WORK INSTRUCTIONS:
Your answer must be the exact lines below, starting with the line with "Speck Presidio Folio" and going on through the line with "Blank+Letter+Format+Template | Friendly", both included, with no pictures.
+++ EXERCISE MATERIAL
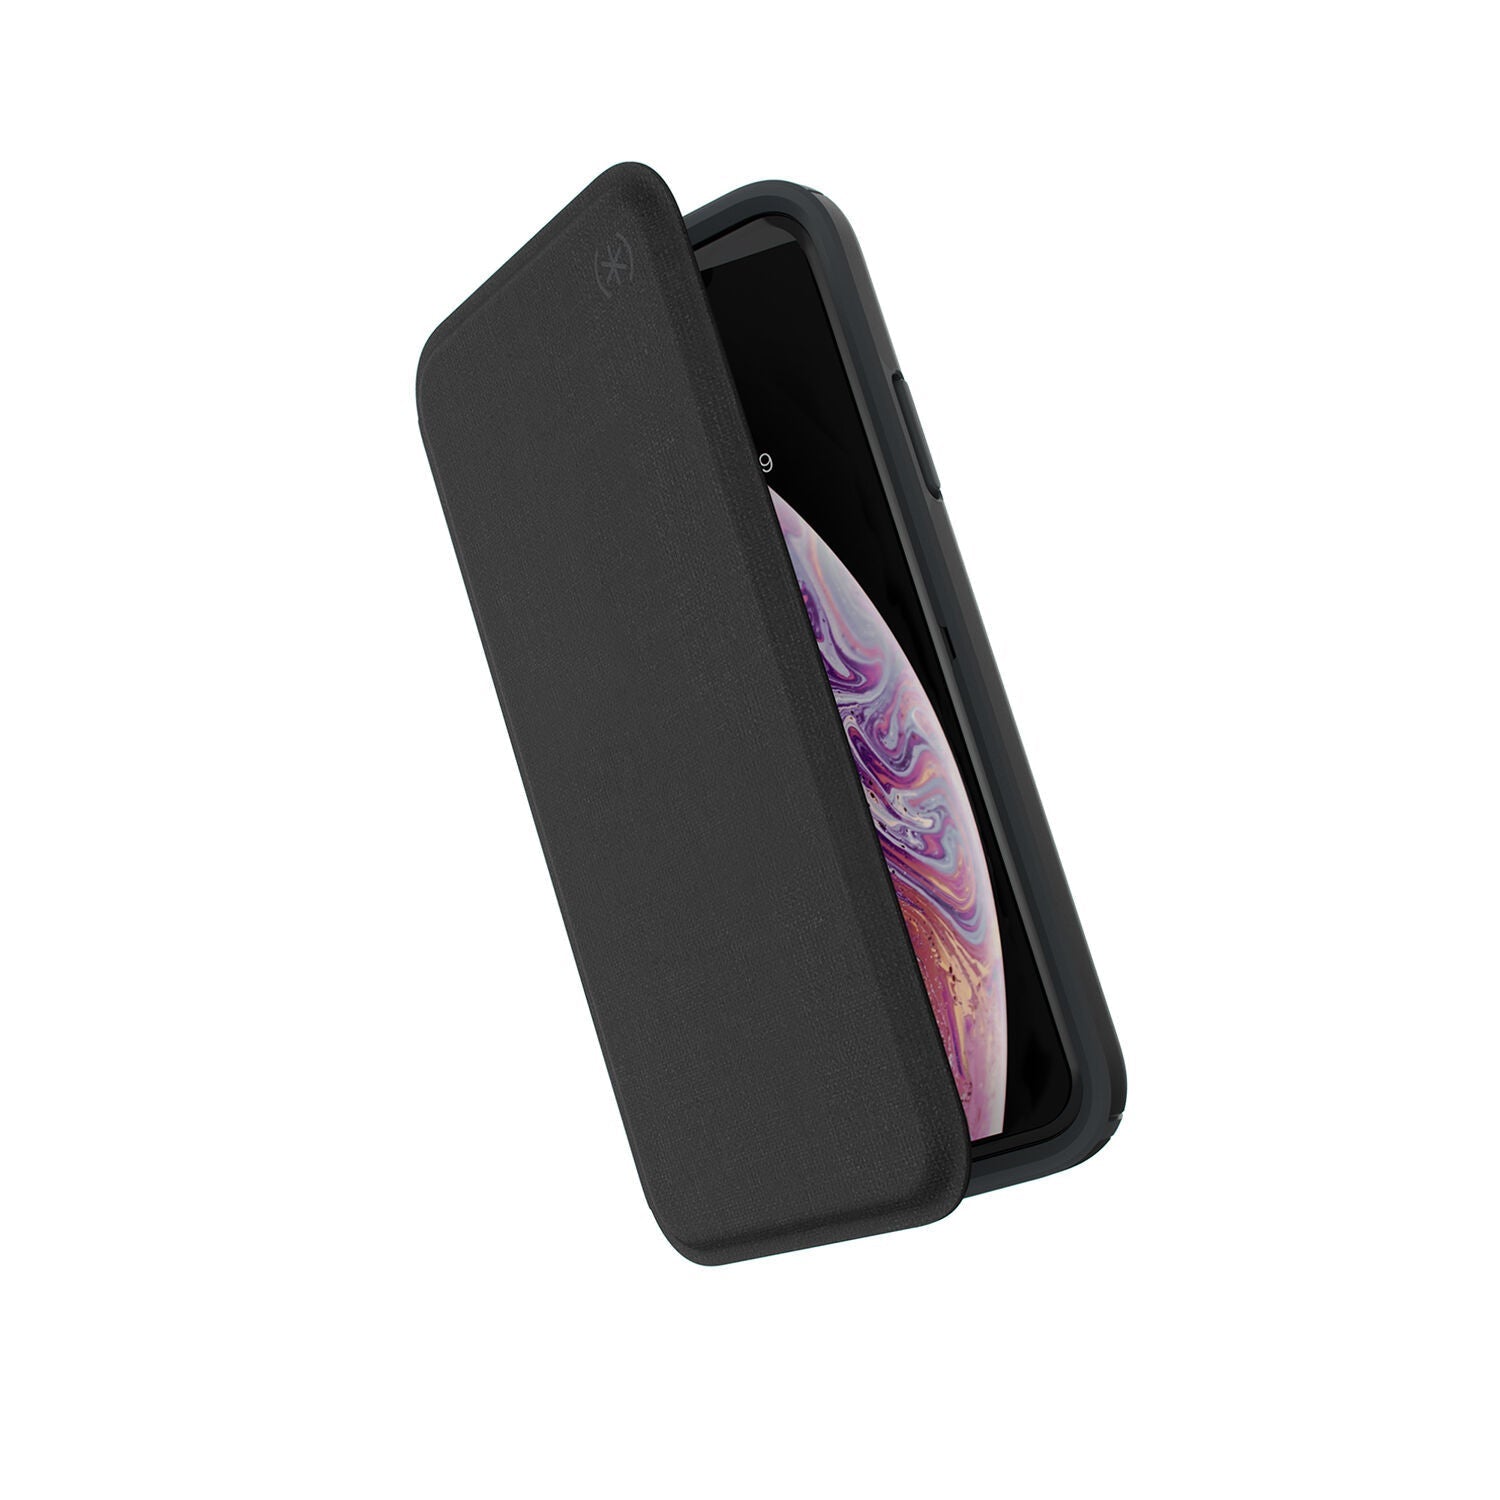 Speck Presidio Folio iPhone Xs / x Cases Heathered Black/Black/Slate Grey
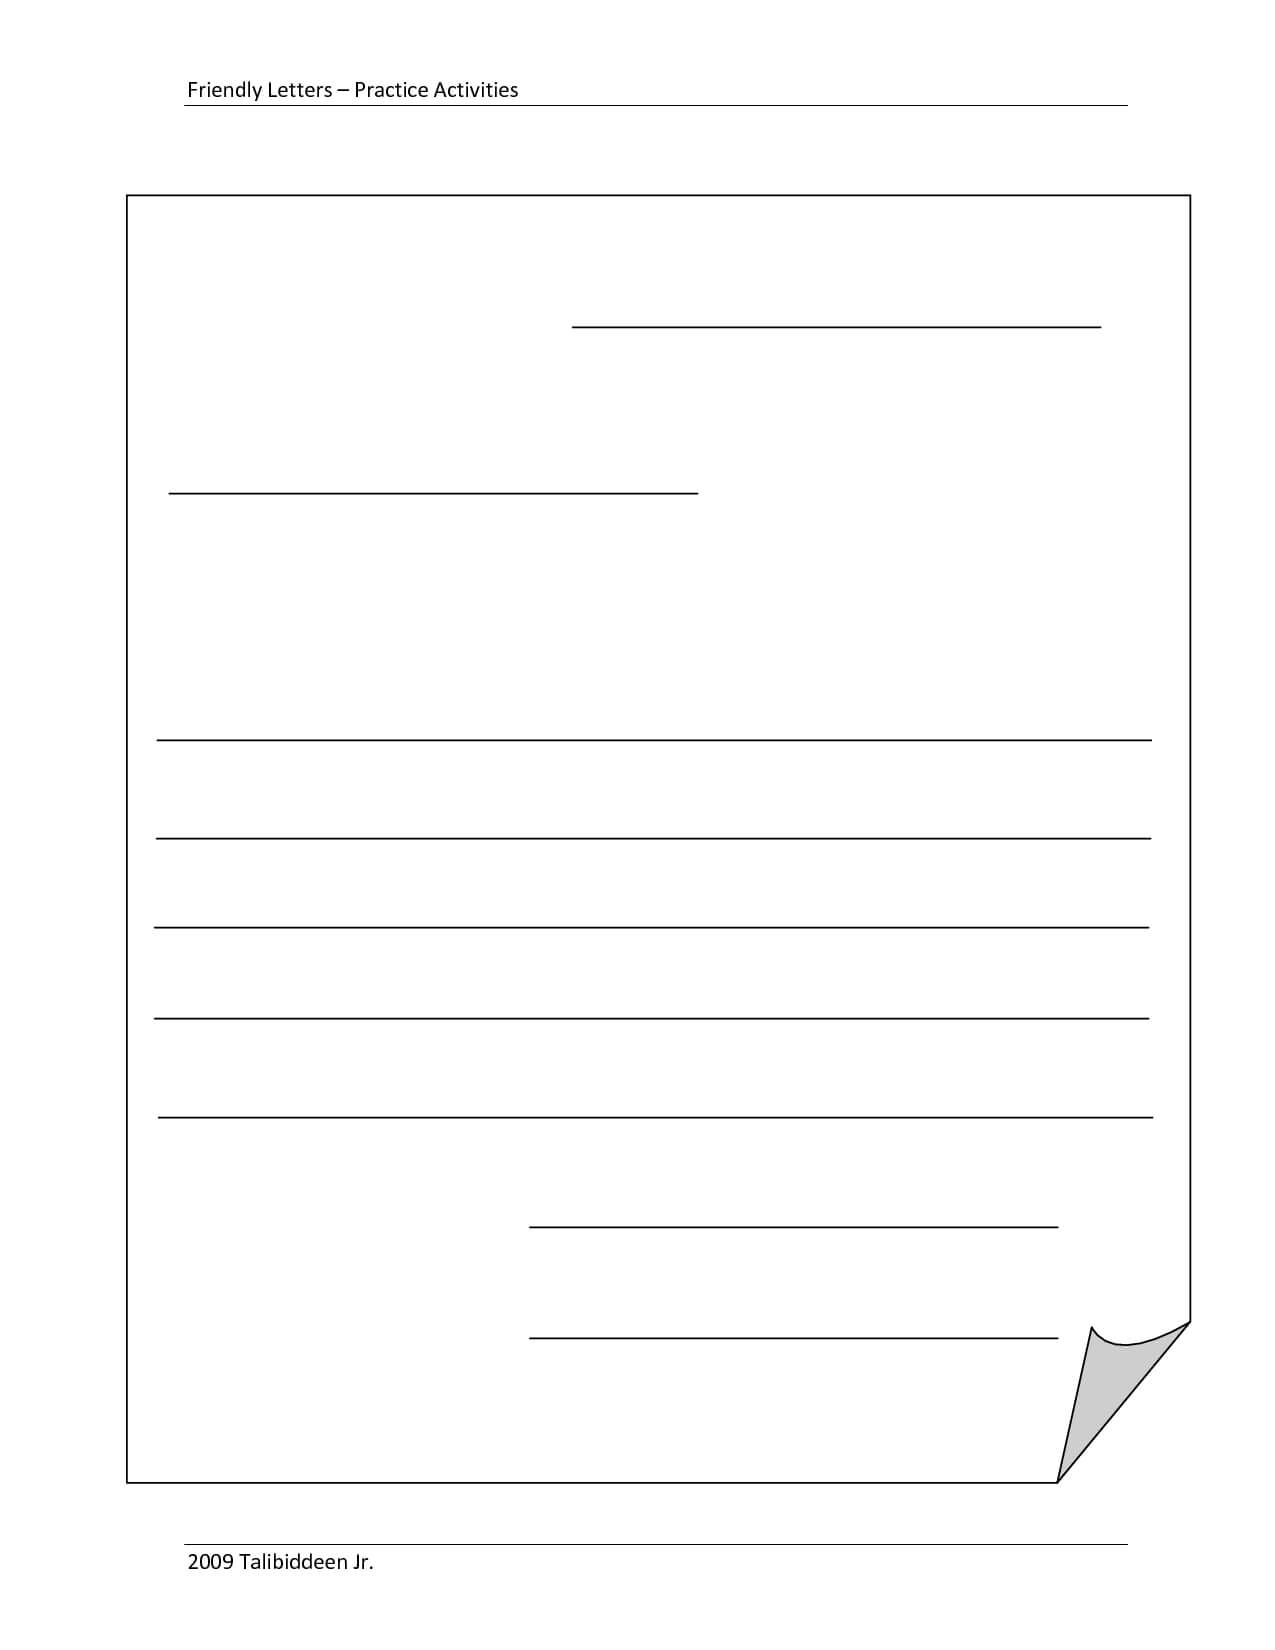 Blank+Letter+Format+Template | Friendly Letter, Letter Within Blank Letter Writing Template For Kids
++++++
+++ EXERCISE MATERIAL
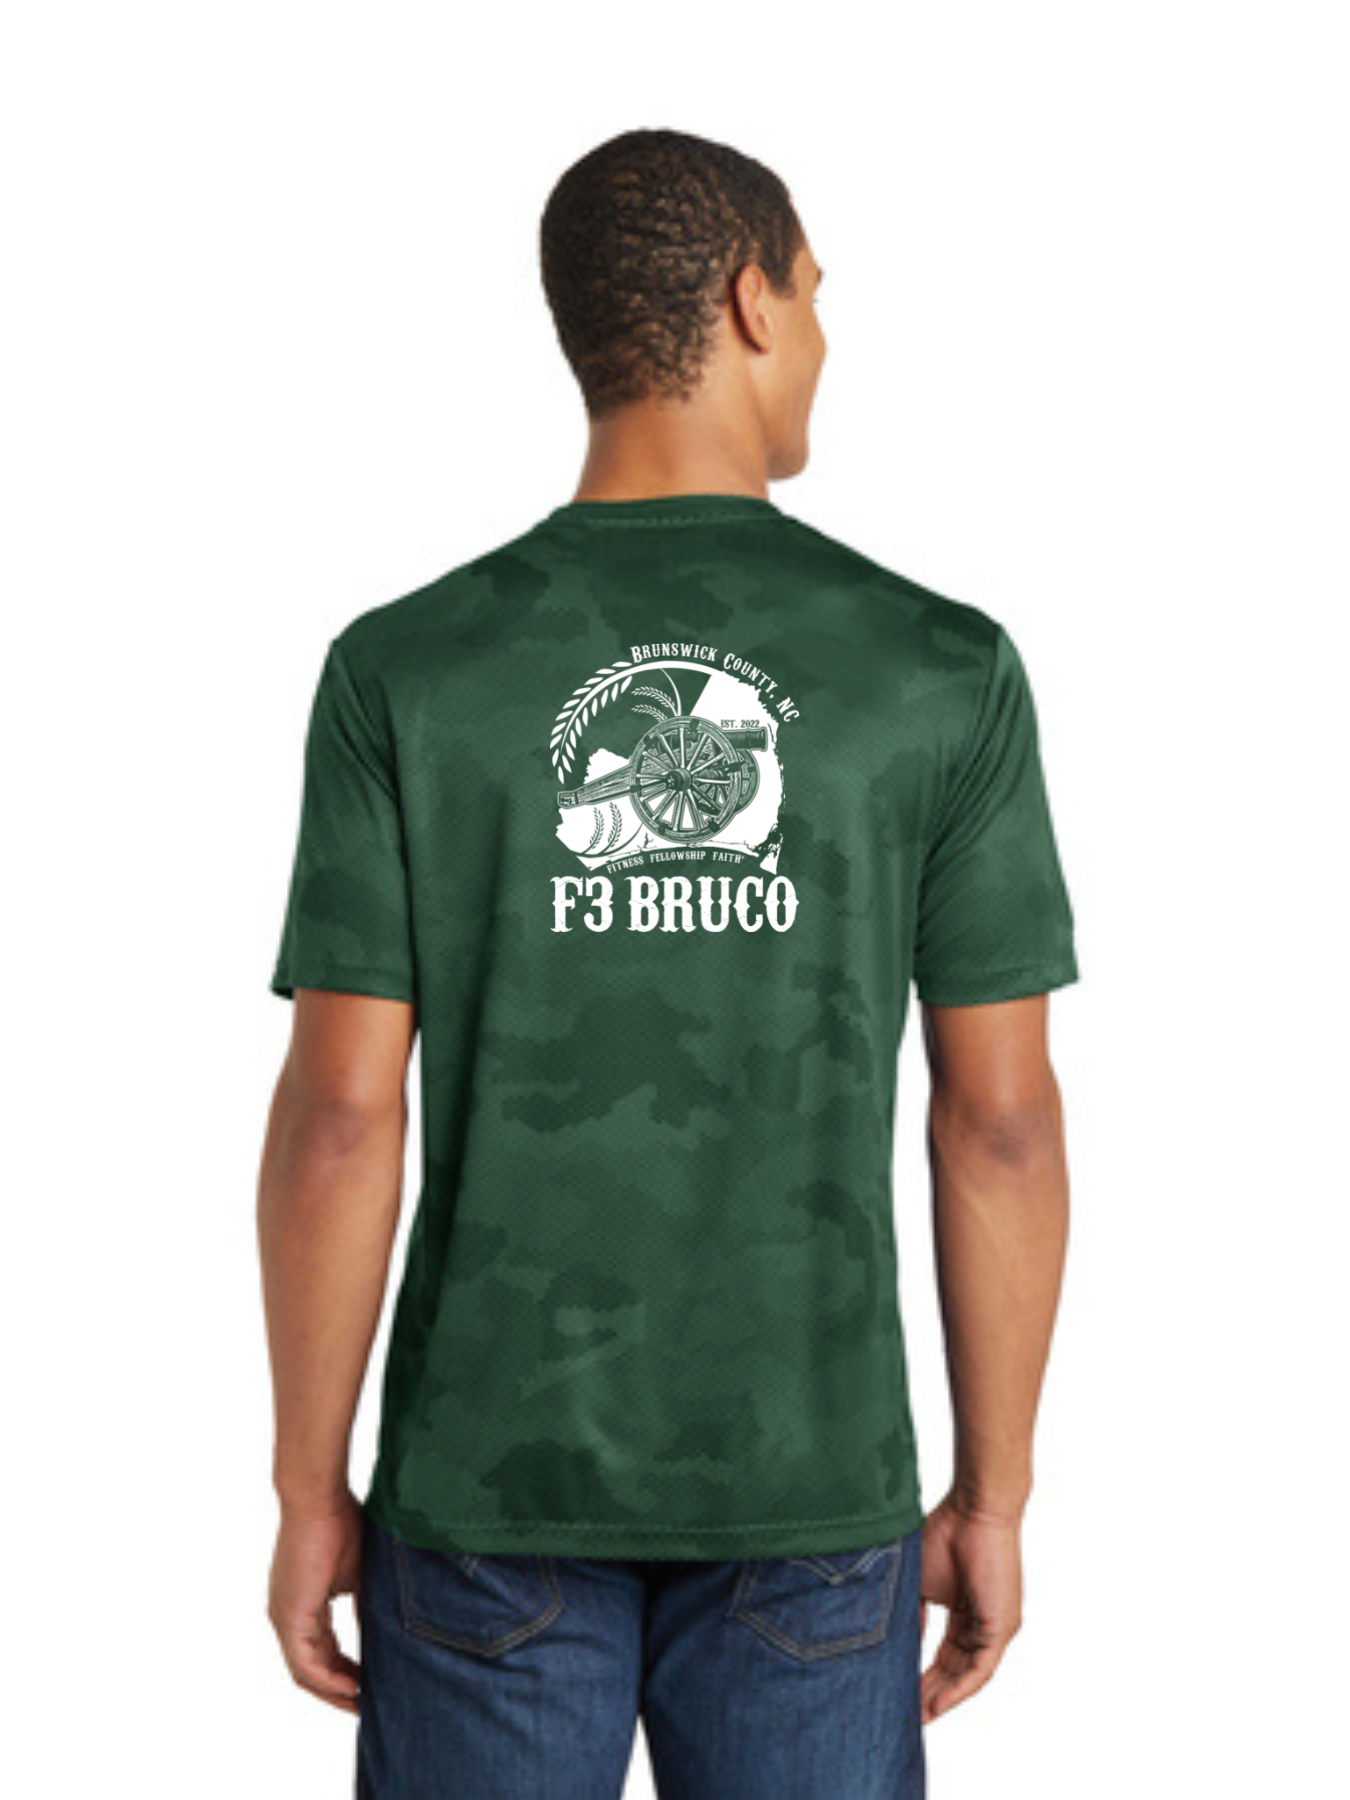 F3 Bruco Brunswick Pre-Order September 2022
++++++
RESULT FOR THIS TASK:
 Speck Presidio Folio iPhone Xs / x Cases Heathered Black/Black/Slate Grey
 Blank+Letter+Format+Template | Friendly Letter, Letter Within Blank Letter Writing Template For Kids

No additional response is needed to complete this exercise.